Ice Tea though, that I could wrap my hand around for a metaphor. But that's really besides the point, and I think I've gone off on a tangent.

Yeah... I did... Bah.

Anyway, I've found that the more and more time we're together but not, I find myself drawn more and more to you. You are the flame to my moth.

I know that one day I will probably tell you all of this, when the time is right. You're wondering why I posted it here huh? Instead of a regular livejournal?

Because I personally don't want to lock my livejournal, and I really don't keep it updated as much as I should. Plus, reading a few of the entries on it makes me a bit on the edgy side, because that was right before I started to become the Cowardly Lion.

Anyway, I just want you to know that I love you, and that I mean it whaen I say that.

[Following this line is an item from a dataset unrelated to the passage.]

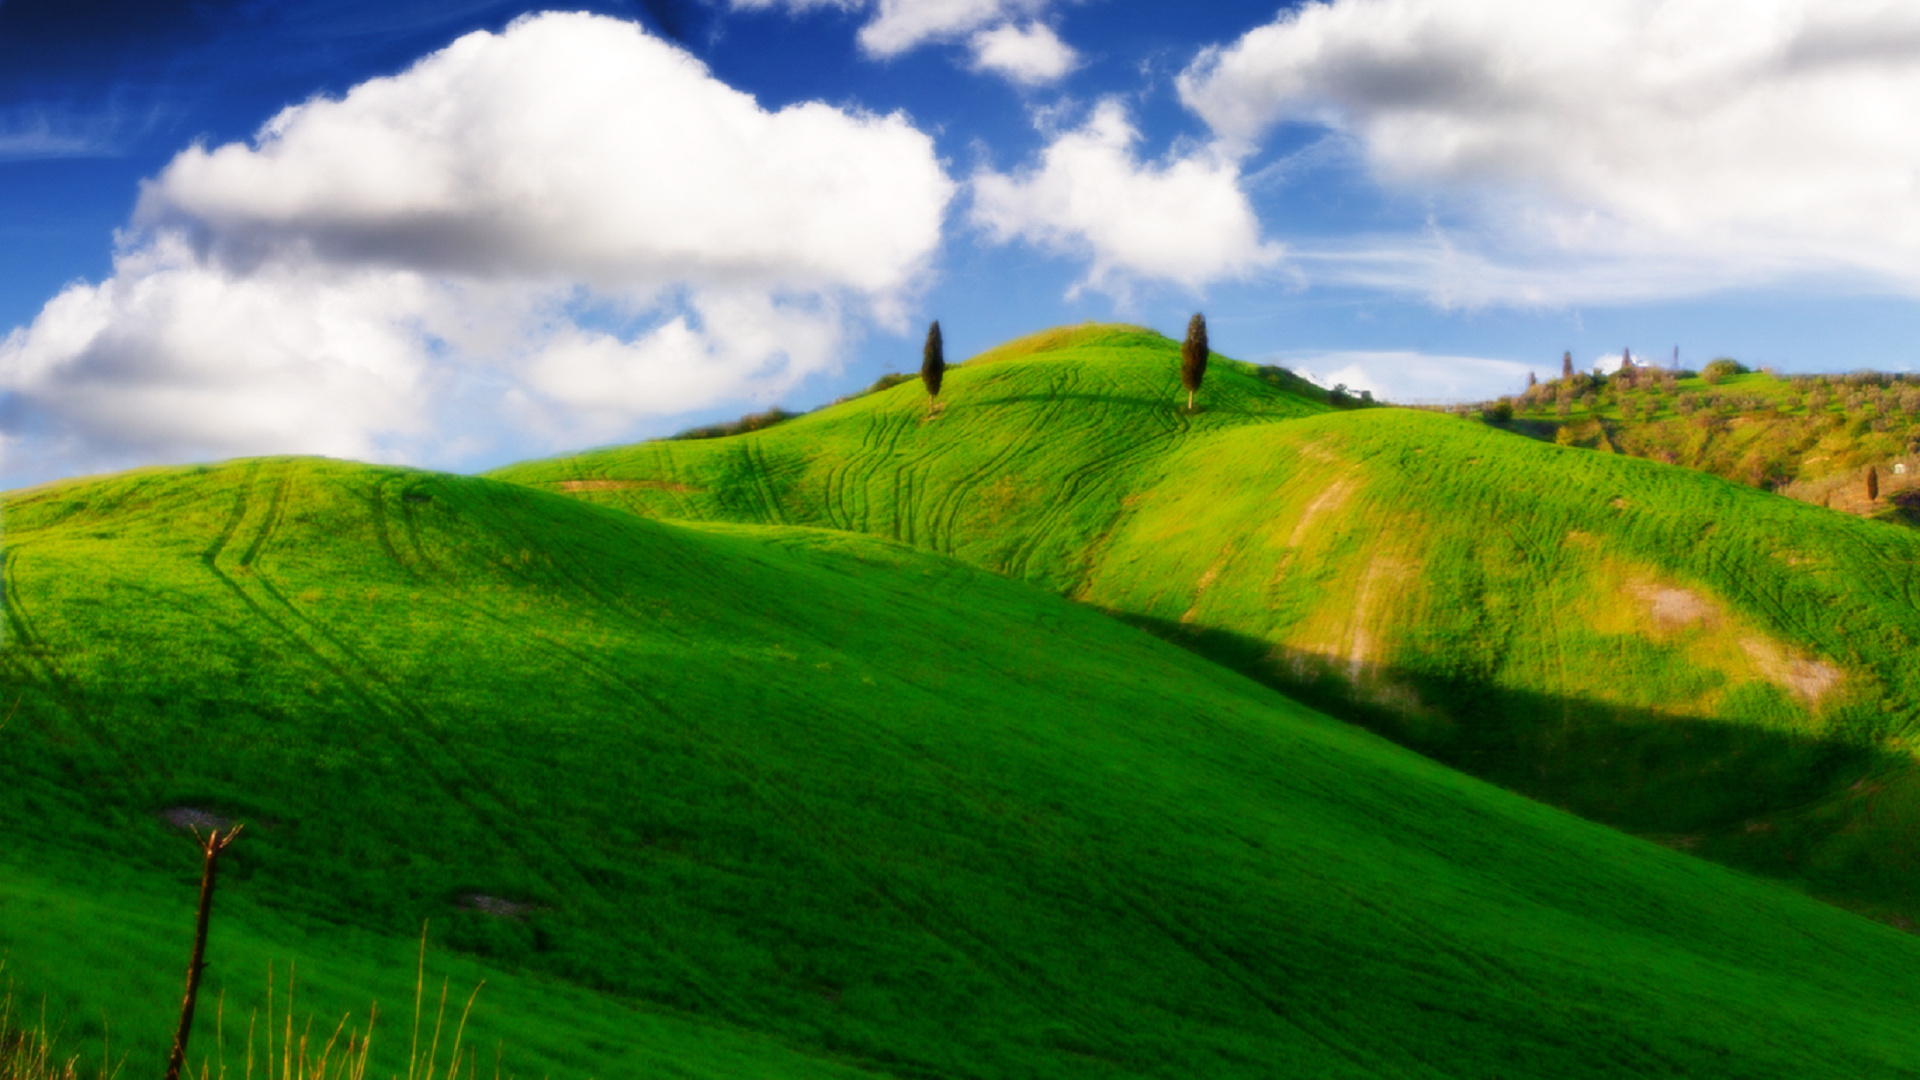 Яркий холм. Green Hills зеленые холмы. Зеленые холмы 212525. Холмистая равнина Тоскана. Green Hills Чехия.
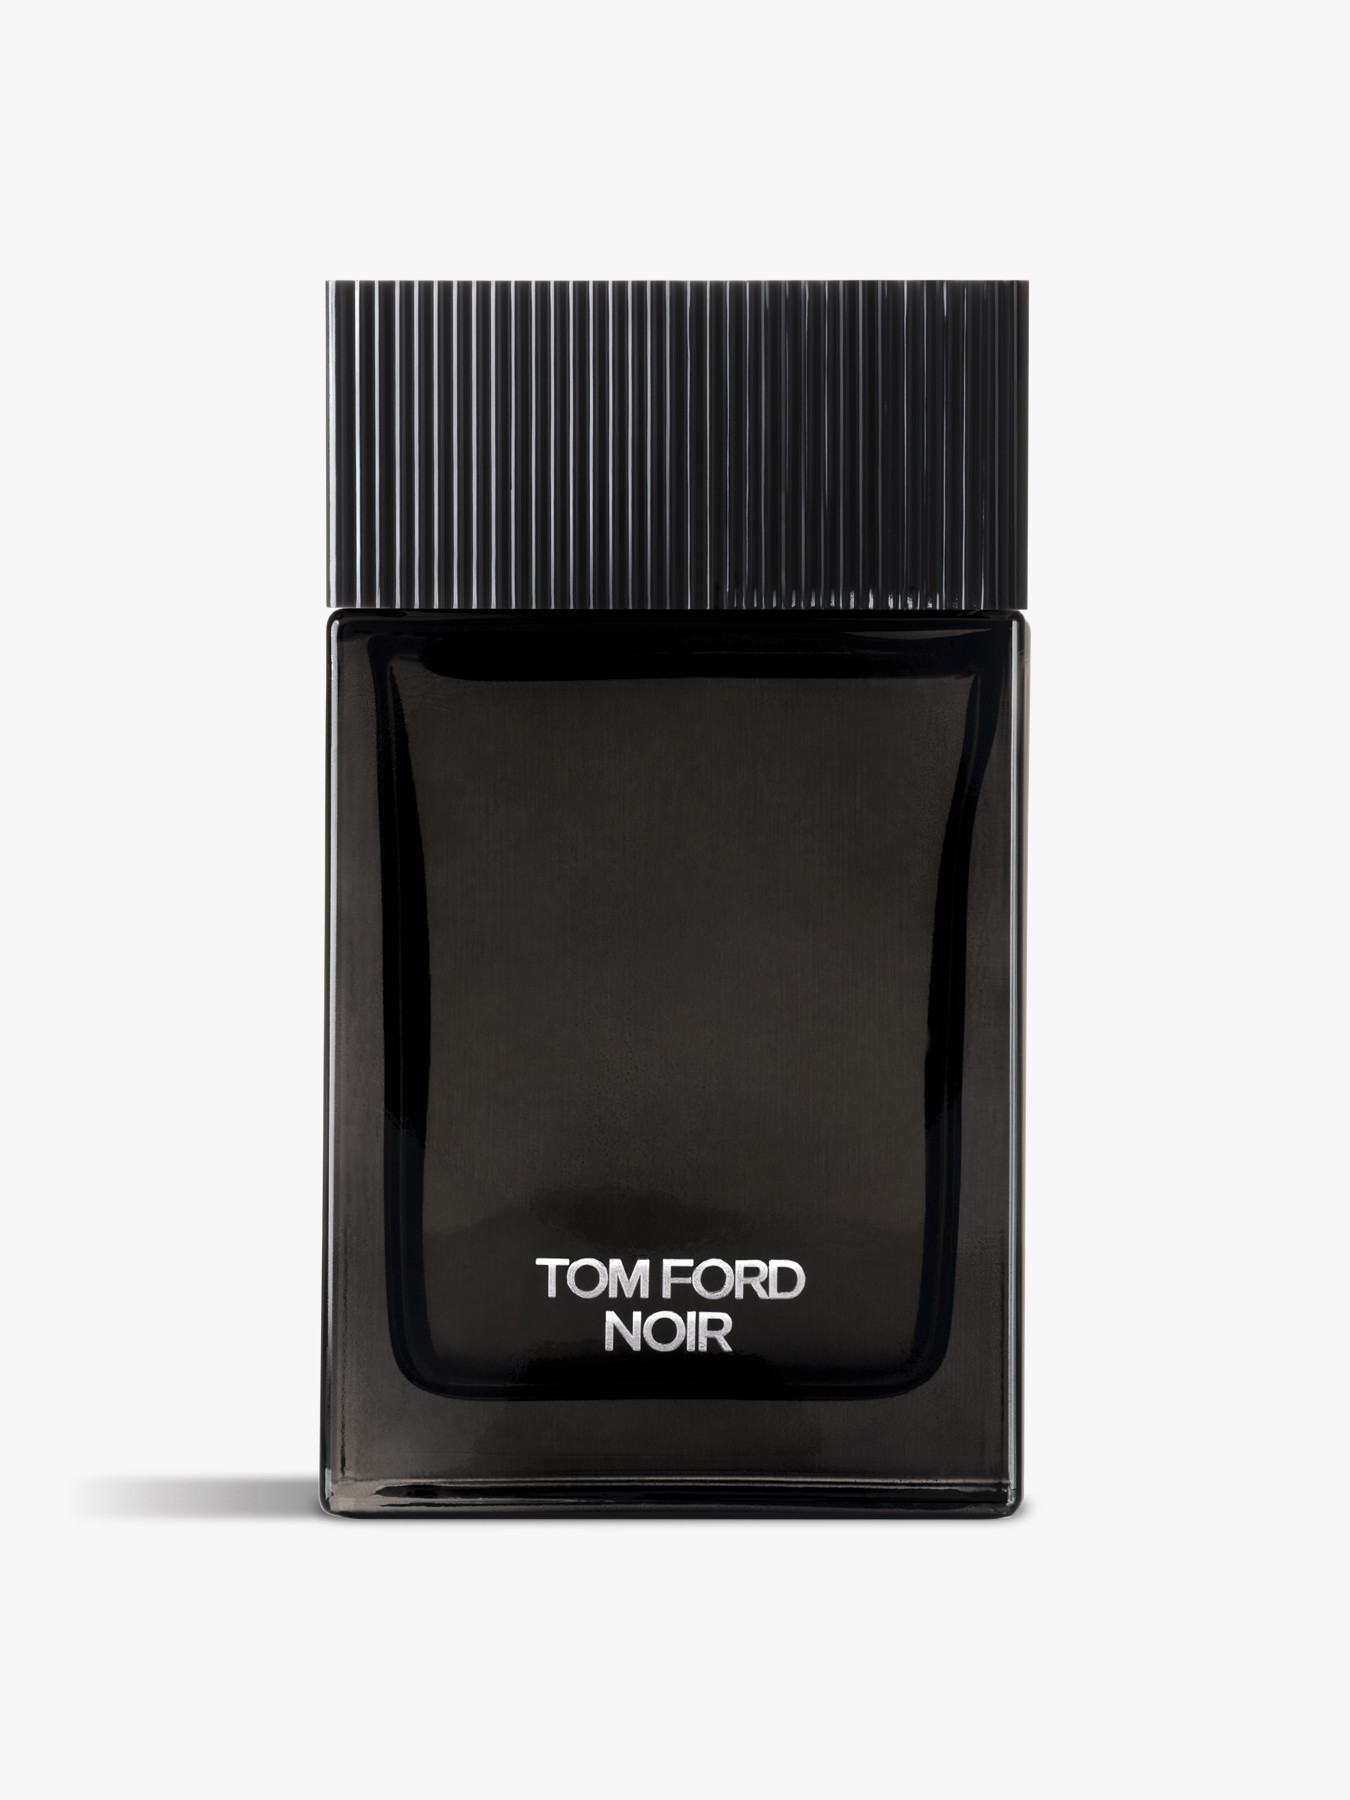 Noir мужской парфюм. Том Форд Ноир 100мл. Tom Ford Noir de Noir for men EDP 100ml. Tom Ford Noir мужской. Парфюм Noir de Noir Tom Ford.

One day I know that I will be who I want to be, until then, I'm going ot have to put up with my faults, and work through them, starting with my cowardliness.

But that's going to take some time... But we'll see how things go.

And so it is, that when I am finished, I am done ~

~ "When the Dragons grow too mighty, to slay with pen or sword.
When I grow weary of the battle, and the storm I walk towards.
When all around is madness, and there's no safe port in view.
I long to turn my path homwards, to stop awhile; with you.

~

When life becomes so barren, and as cold as winter skies.
Theres a beacon in the darkness, in a distant pair of eyes.
In vain to search for order; in vain to search for truth, but these things can still be given.
Your love has shown me proof" - Madrigal (RUSH)

This song is a personification of how I feel right now, to be honest. It is my favorite song by RUSH, and I think it will continue to be so. It's also one of their shortest, the version I have from their CD is two minutes and fifiy-five seconds long.

Your love has shown me truth and order, and I am forever greatful. Your words mean a lot to me, and though it may look like I may be giving into you for no other reason than to just do it, it might be because I don't have an argument that could stand to it.

I love you, and I hope that one day, I will be able to hold you again, until then, "I long to turn my path homewards, and stop awhile; with you."